Marc 17/09/2023
Não é fácil ler esse livro. Strindberg passa quase todo o tempo descrevendo seu sofrimento, seu encontro com as forças do oculto e suas manifestações. É irritante como ele descobre correlações absurdas das coisas mais banais com seu momento e como o maligno manipulava tudo a seu redor para o atingir. O ápice de minha irritação aconteceu quando ele disse que essas forças provocaram um tempestade e ele sentia que os raios eram tentativas fracassadas de o atingir. Qualquer pessoa com um pingo de racionalidade perguntaria, então, como seria possível que essas forças fossem tão poderosas a ponto de manipular o clima, mas não conseguiriam acertar um único raio nele, tão fraco e impossibilitado de reagir...

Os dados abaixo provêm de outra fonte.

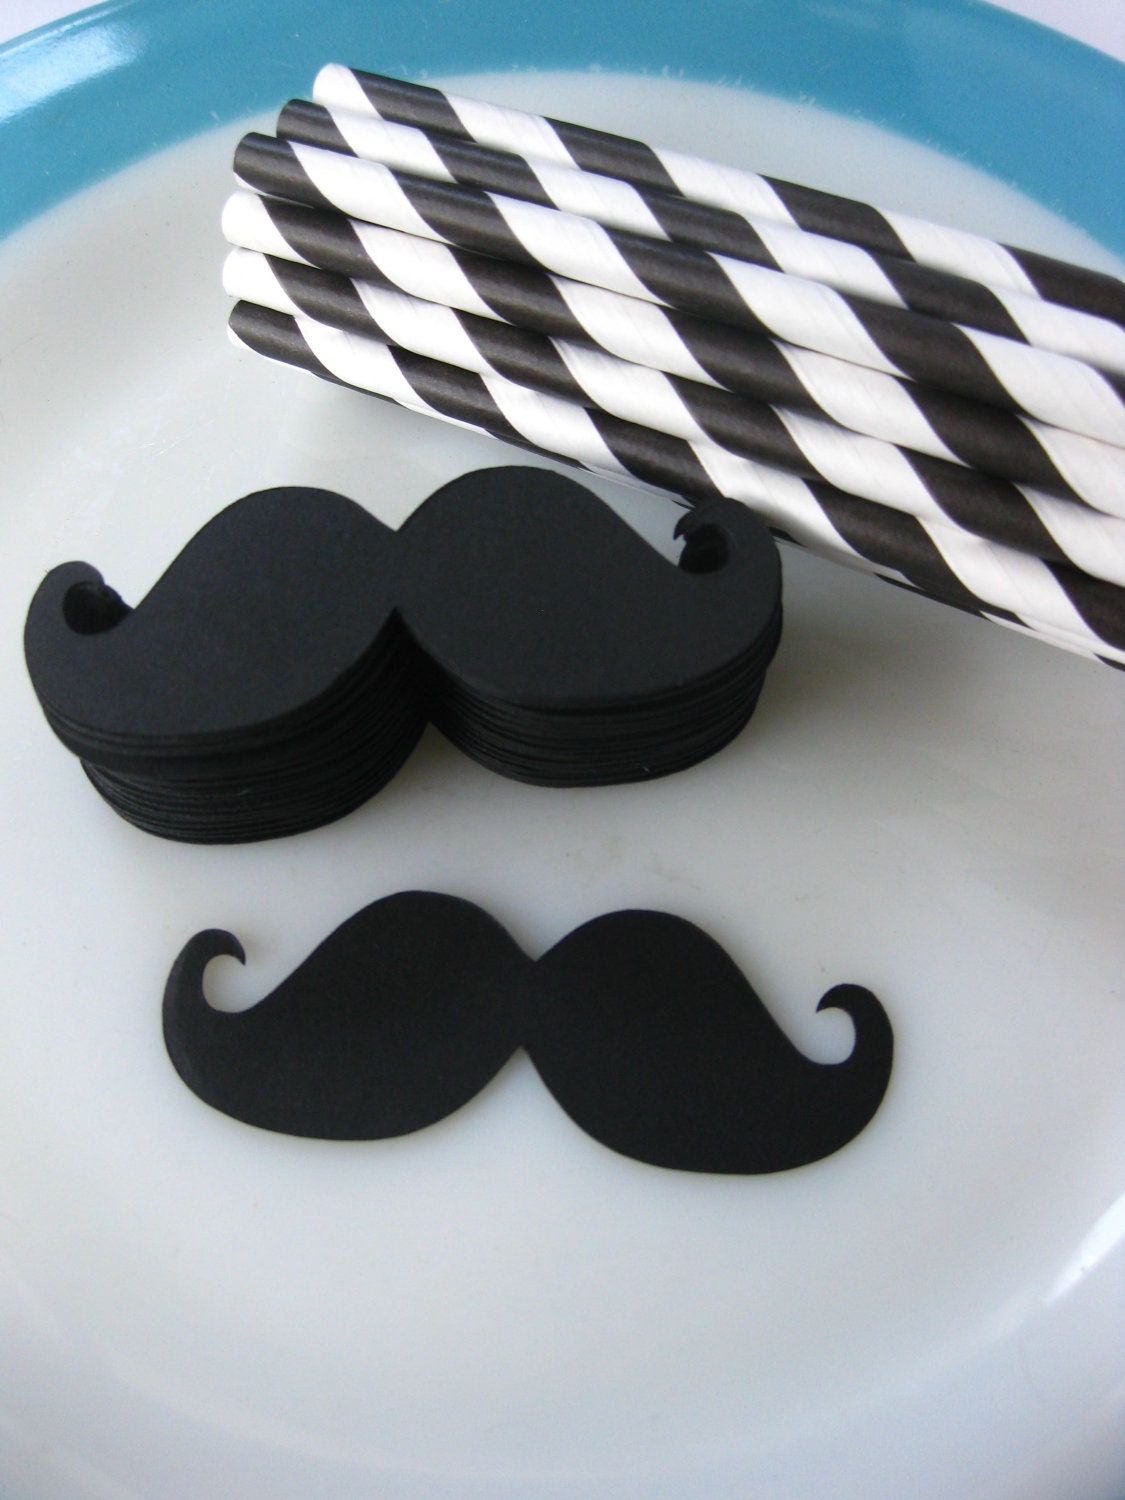 DIY Imperial Mustache Straw Kit 25 Paper Straws Photo Prop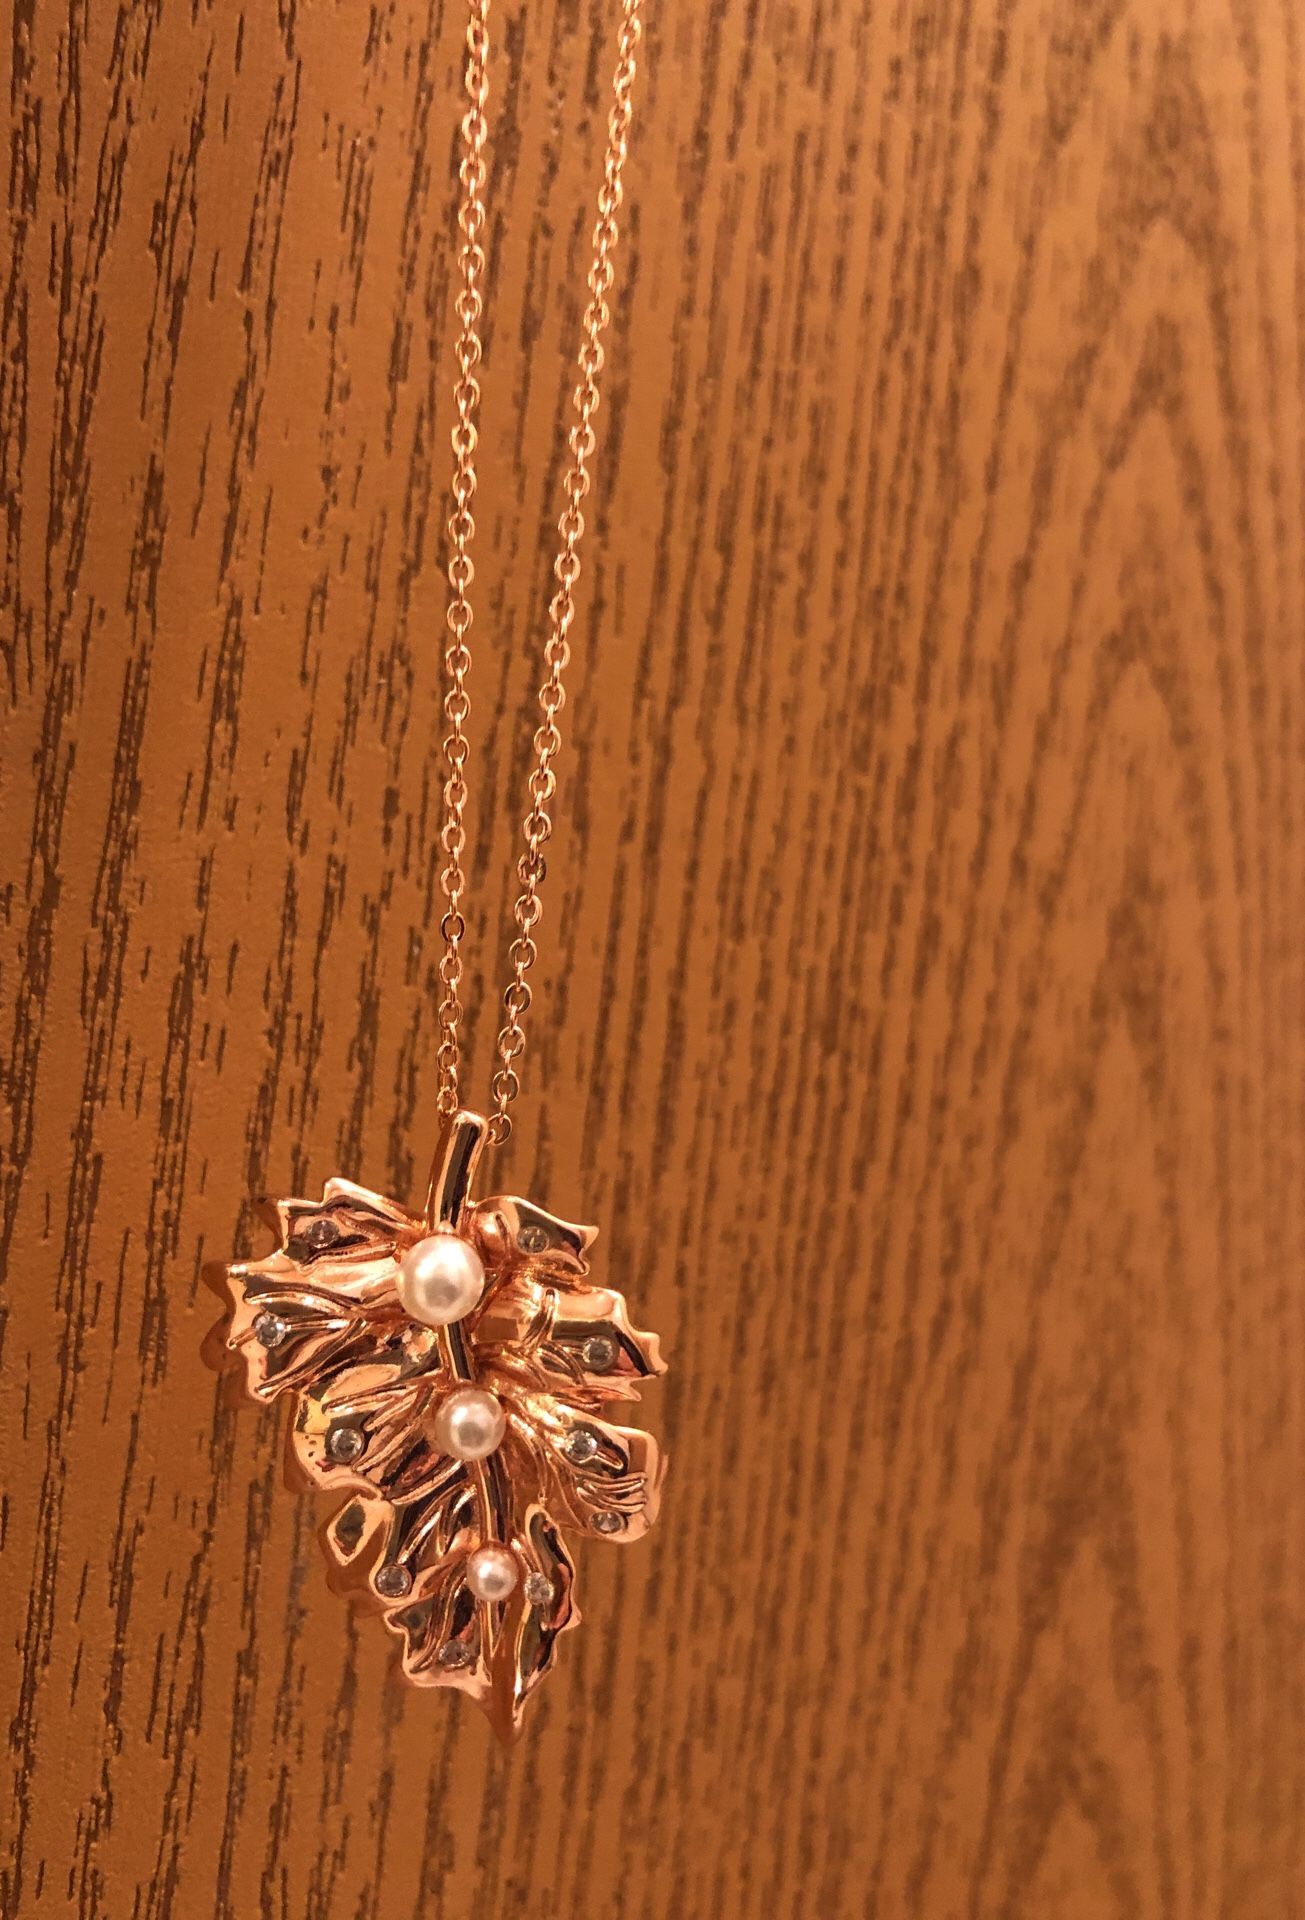 Rose Gold necklace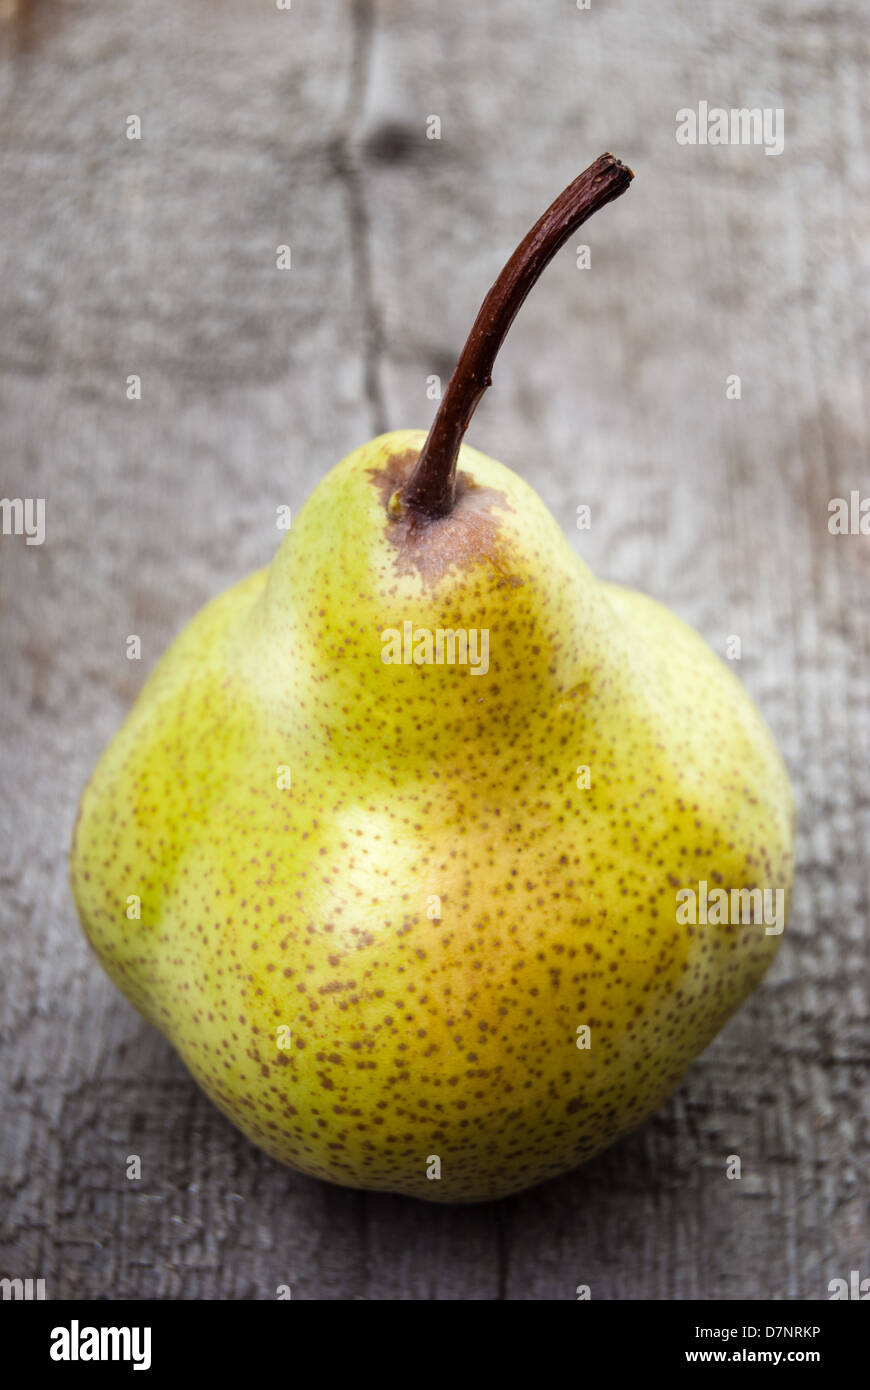 Yellow duchesse pear on wooden surface Stock Photo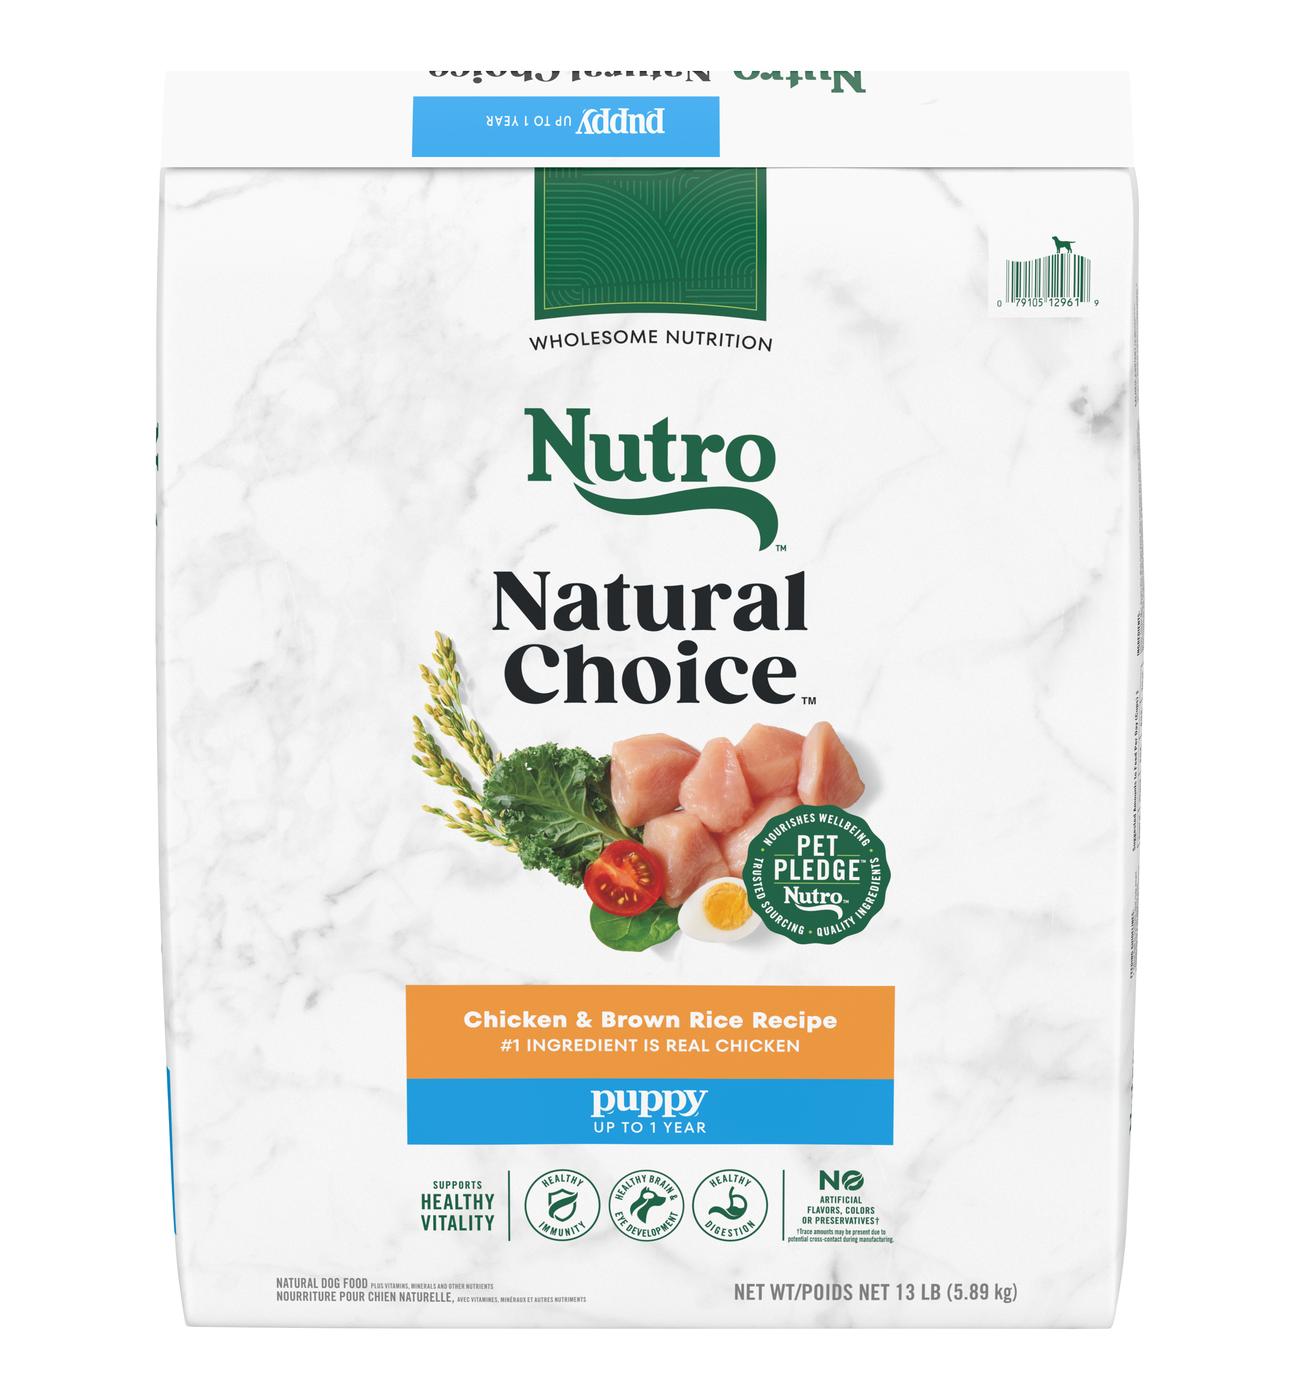 Nutro Natural Choice Puppy Chicken & Brown Rice Dry Dog Food; image 1 of 5

Quem já leu alguns livros de antropologia, em especial “O Ramo de Ouro” de Frazer, sabe como a magia “funciona”. Há, inclusive, categorias como a magia simpática e a por contato. A primeira acontece por similitude, por exemplo, ao realizar uma ação em um objeto, símile da pessoa que se pretende afetar, ela sentirá os mesmos efeitos. Ou a quiromancia, horóscopo, etc, onde o movimento dos astros, ou as linhas das mãos, revelam todo o destino da pessoa. Já a segunda, acontece como uma forma de extensão do corpo que se pretende alcançar, através de uma roupa, objeto pessoal, qualquer coisa que tenha tido contato com a pessoa.
Quem conhece esse tipo de leitura vai reconhecer a maneira como Strindberg descreve boa parte das situações que passa ao longo do livro. É uma pessoa que não apenas se envolveu com alquimia, como estudou misticismo e ciências ocultas. Ele teve uma boa dose de todas as coisas, procurando dar sentido a sua vida e terminou pagando o preço. Não são poucas as vezes em que ele relaciona dessa maneira a forma de uma pedra a um trecho da Bíblia e depois conclui citando um místico que lia na época. É claramente o raciocínio de uma mente que não consegue enxergar as diferenças entre todas as coisas que lidava, que não via ordenamento no mundo e pensava que a magia era uma forma de acessar um conteúdo secreto no mundo, como um código que abrisse todos os mecanismos e tornasse aquele que o possui mais poderoso do que o restante dos mortais. Não pense que isso é um delírio, porque tenho certeza que você assistiu e gostou de “Matrix”, onde apenas os termos são diferentes, mas o raciocínio é o mesmo. Pois é...
Isso torna o livro não apenas enfadonho, mas uma seqüência de afirmações dispensáveis, sem sentido e que não acrescentam nada ao leitor. A não ser que ele procure enveredar pelos mesmos caminhos.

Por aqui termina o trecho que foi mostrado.